In the wake of a devastating data breach, LastPass is forcing all customers to upgrade their master passwords to include at least 12 characters.
LastPass experienced a data breach last year that went from bad to worse as more details emerged. The company is eager to improve security in the wake of the incident, and is forcing users to upgrade their passwords as part of that effort. Mike Kosak, Senior Principal Intelligence Analyst, outlined the company’s new policy.
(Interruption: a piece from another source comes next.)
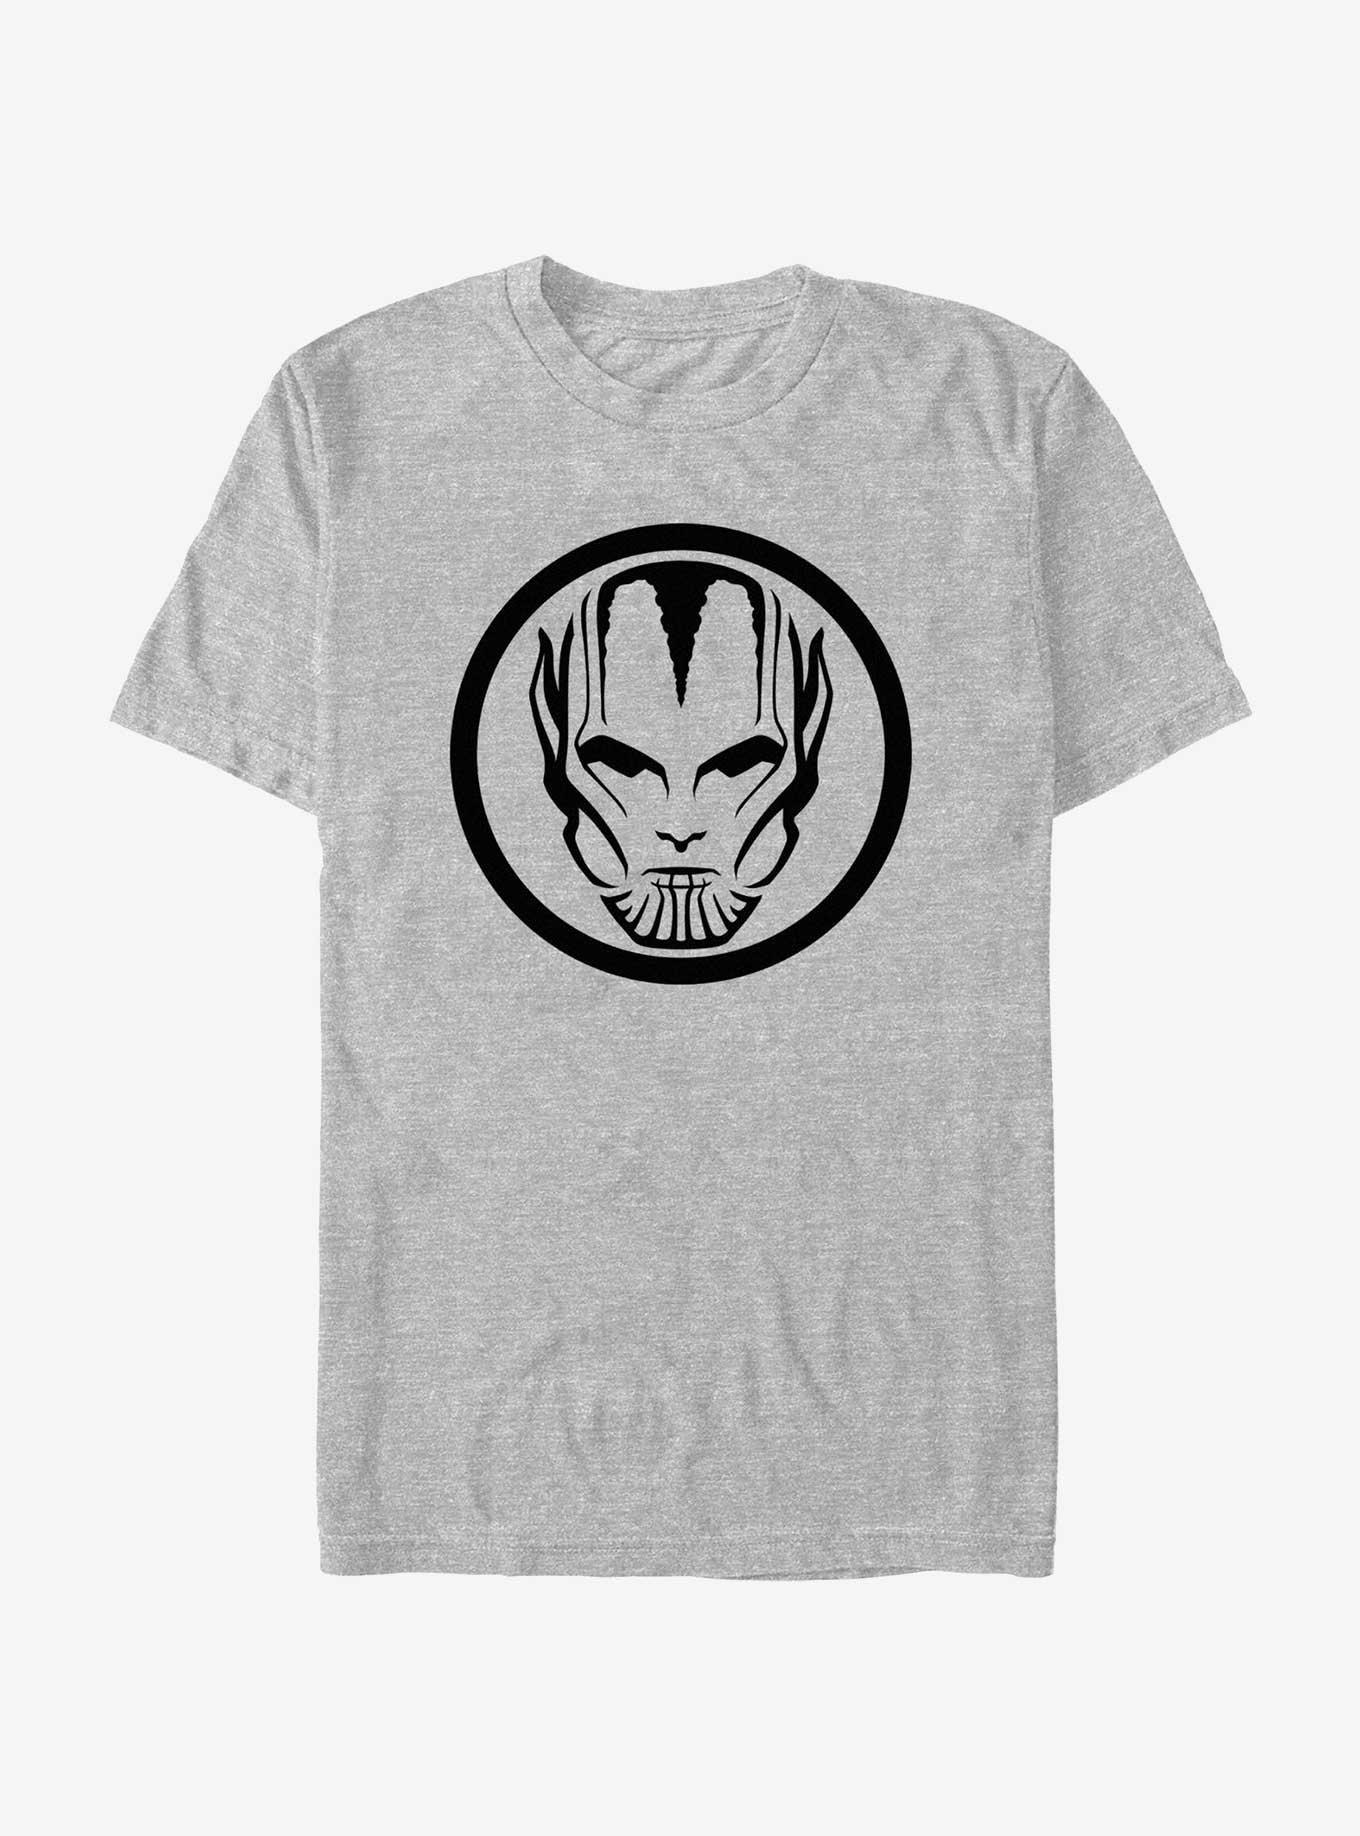 Marvel Secret Invasion Invader Icon T-Shirt

You may have noticed that lately we’ve been asking our customers to make some changes to their LastPass accounts. These changes include requiring customers to update their master password length and complexity to meet recommended best practices and prompting customers to re-enroll their multi-factor authentication (MFA), among others. All of these changes are intended to help make our customers more secure, and we want to share additional context about the evolving cyber threat environment that’s driving these requests so customers can better understand WHY these changes are important. To do this, we’ll address some of these recent changes, and explain what threats are driving them, and how these updates are designed to help.
Kosak emphasized that the 12-character password policy already existed, but is now mandatory.
LastPass’ new master password length requirement is just one part of a progressive set of initiatives designed to help our customers better protect themselves from current and emerging cyber threats. Historically, while a 12-character master password has been LastPass’ default setting since 2018, customers still had the ability to forego the recommended default settings and choose to create a master password with fewer characters, if they wished to do so. By now enforcing a minimum 12-character master password requirement, along with the PBKDF2 iteration increases we delivered earlier this year, we are proactively helping our customers create stronger and more resilient encryption keys for accessing and encrypting their LastPass vault data.
The move is a welcome one, and will hopefully help LastPass subscribers keep their sensitive data secure.